I am a long time user of Kindle Fire 7 and e reader. I have just today joined this user group and am optimistic that it can be helpful.  I make extensive use of Bookmarks, but have a problem.  The name given automatically to a bookmark appears to be the first few words in the text on the page being bookmarked. This is often confusing. I would like to be able to select the bookmark title by either typing some appropriate text or alternatively highlighting a few words on the selected page.  I don’t think there is any way to do this? 
This feature would be especially useful in cookbooks for example. Unfortunately, ebook text such as a selected recipe cannot be printed for future reference in the kitchen. So , having the bookmark saved using recipe name would make finding the desired recipe on my Kindle in the kitchen quite fast.


----------



## tsemple (Apr 27, 2009)

Bookmarks record a specific location in the book. Any text you see when browsing the list of bookmarks is there to give you enough context to choose the desired bookmark to navigate to. 
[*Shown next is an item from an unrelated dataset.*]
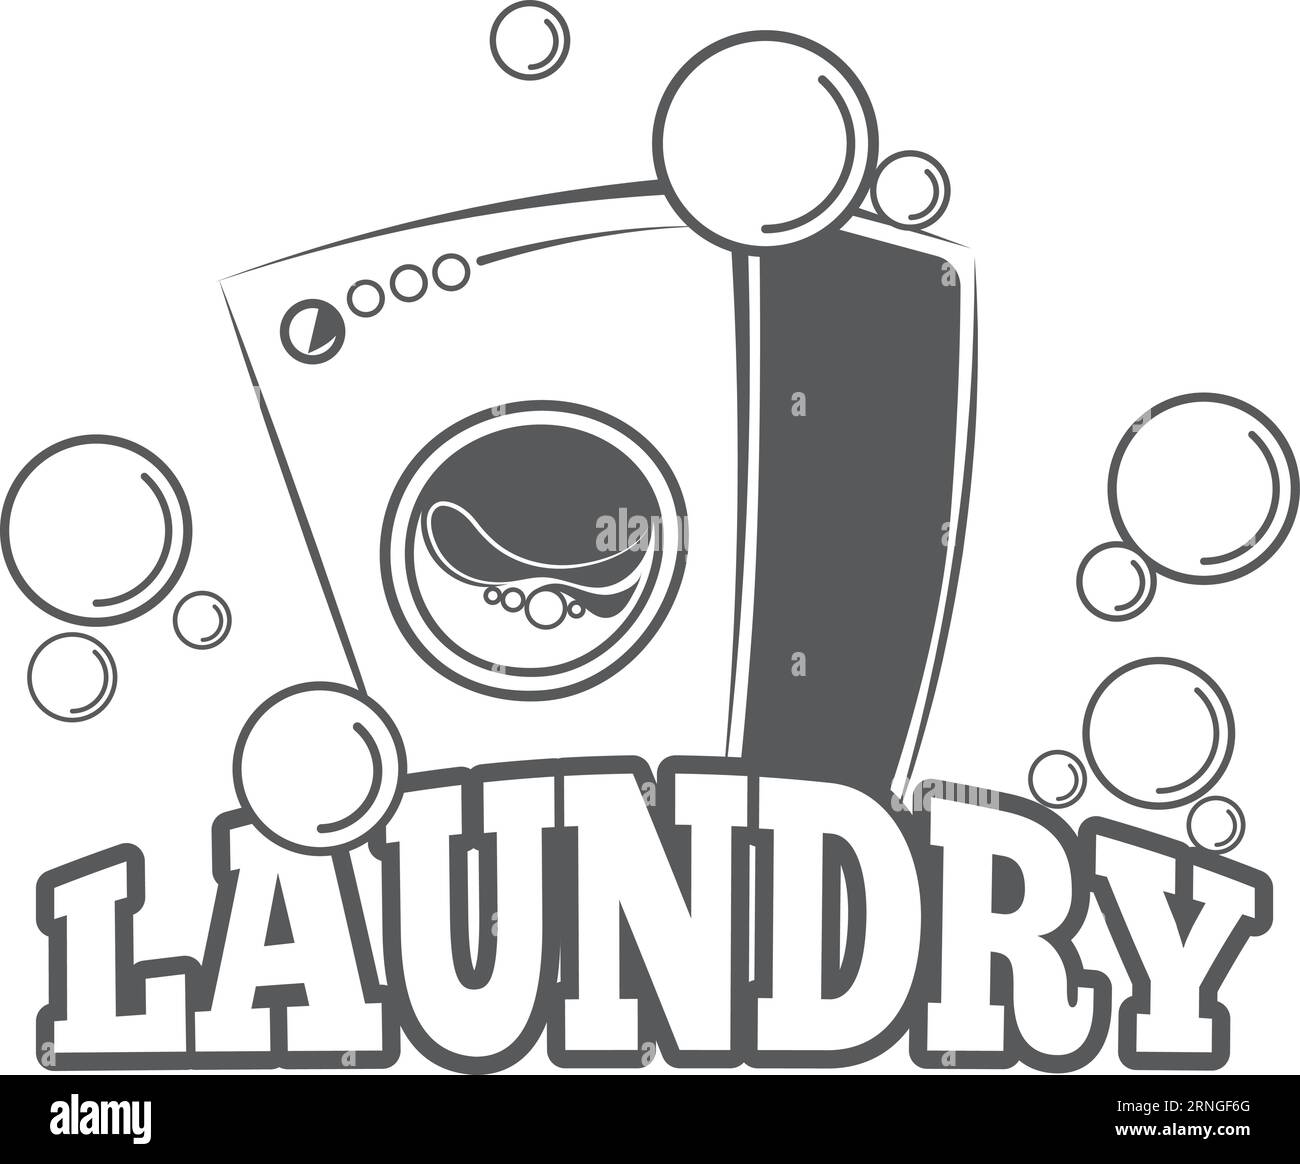 Laundy service logo. Black laundromat machine emblem Stock Vector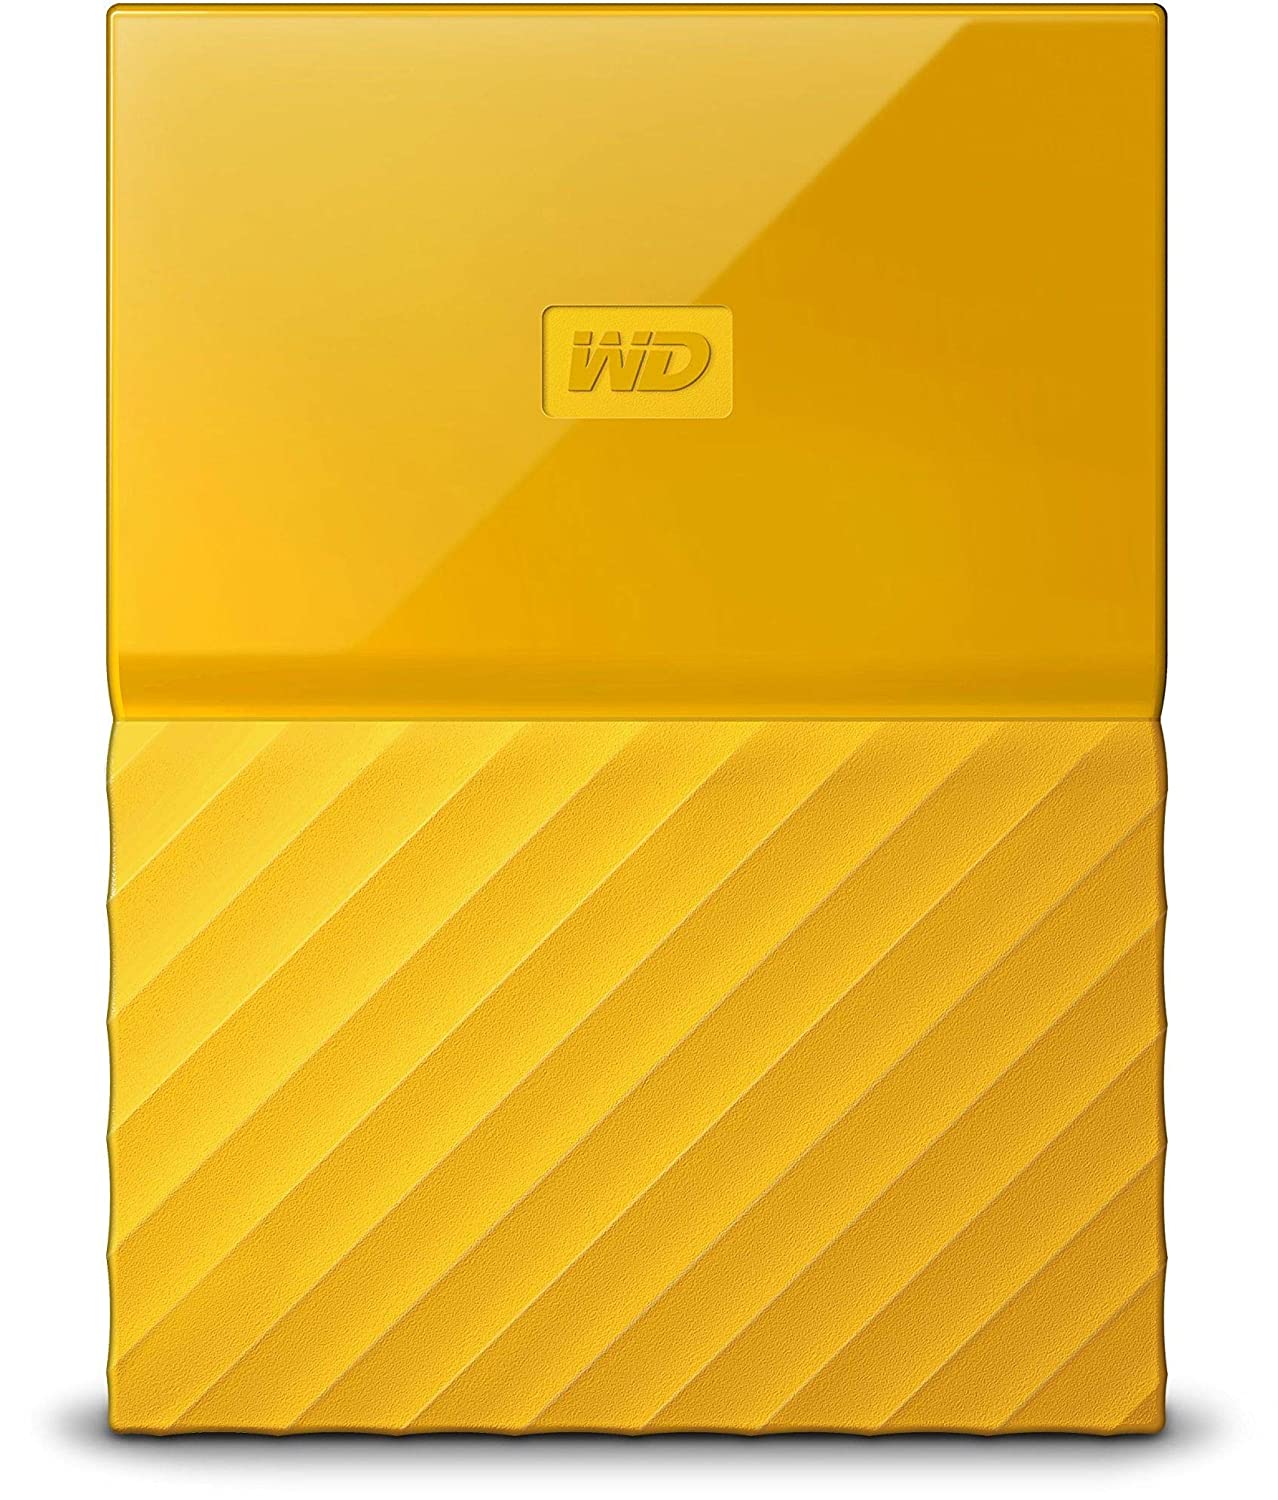 WD 1TB Hard Disk

You could use Highlights instead of Bookmarks (e.g. highlight the recipe title). These will be listed in Notes/Notebook and you can tap on one to navigate to the location where that is found.


----------



## HappyGuy (Nov 3, 2008)

Doesn't navigating to a specific location put it at the top of the page? Maybe you could do that before creating the bookmark?


----------



## Andra (Nov 19, 2008)

A cookbook on Kindle should also be formatted with a Table of Contents.  It's not quite as easy as a simple bookmark, but you should also be able to navigate that way.


----------